Internal brace technology is designed to improve the strength and stiffness of grafts during revascularization by using high-strength sutures as temporary scaffolds. Because the new high-strength sutures incorporate polyethylene, they provide sufficient strength and mechanical properties for the sutures9. The new polyblend sutures appear to have better mechanical properties than conventional sutures; the strength of a 1-strand No. 2 ULTRABRAID suture is approximately 250–290 N9. Theoretically, this internal brace increases the strength and stiffness of the ACL soft tissue graft to increase the initial stability of interference screw fixation (Fig. 1).

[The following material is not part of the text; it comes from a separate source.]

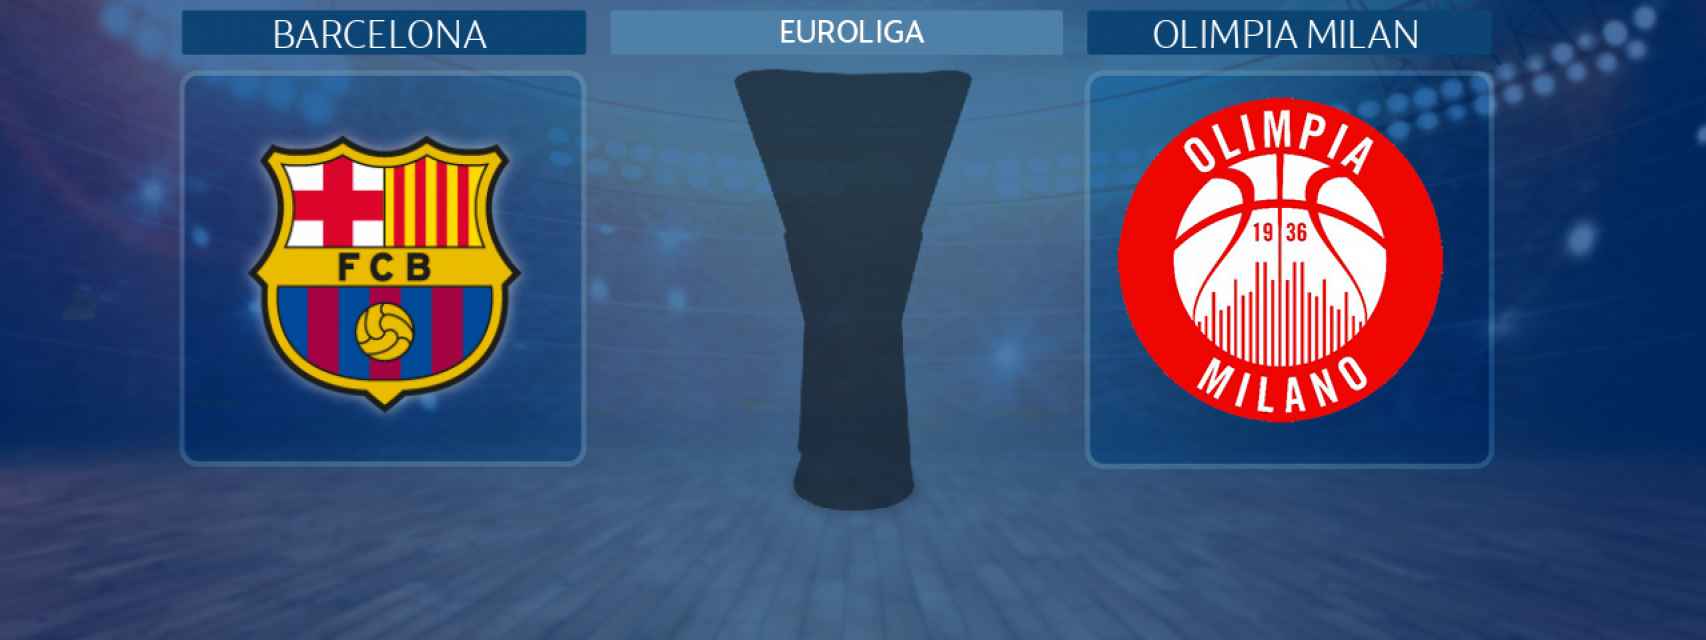 Barcelona - Olimpia Milan, partido de la Euroliga

The purpose of this study was to compare the time zero biomechanical properties of 3 graft fixation techniques (interference screw, the internal brace, interference screw and the internal brace combined fixation) within the tibial tunnel in ACL/reconstruction. Our hypothesis was that combined fixation would result in a greater load to failure and higher stiffness than interference screws alone in the tibial tunnel when tested ex vivo in porcine bone.
Results
Cyclic load testing
No samples failed after 1000 cycles. The mean displacement was 2.48 ± 0.31 mm in the interference screw group, 2.85 ± 0.43 mm in the internal brace group, and 1.98 ± 0.32 mm in the combined group after 1000 cycles (Table 1). The combined group had significantly less displacement than the internal brace alone group (p < 0.05) and interference screw group (p < 0.05), but there was no significant difference between the internal brace group and the interference screw group.
Load-to-failure testing
The mean load to failure was highest in the combined group. The average load to failure was 821.71 ± 78.39 N for combined fixation, which was higher than that for interference screw fixation (631.97 ± 109.96 N; p < 0.05) and internal brace fixation (566.04 ± 57.69 N; p < 0.05). The difference was not statistically significant for interference screw or internal brace fixation alone (p > 0.05).
The combined group showed significantly higher pullout stiffness (217.79 ± 36.66 N/mm) than either the interference screw (151.69 ± 30.28 N/mm; p < 0.05) or internal brace (162.94 ± 35.42 N/mm; p < 0.05) group, but there was no significant difference between the internal brace group and the interference screw group (Table 1).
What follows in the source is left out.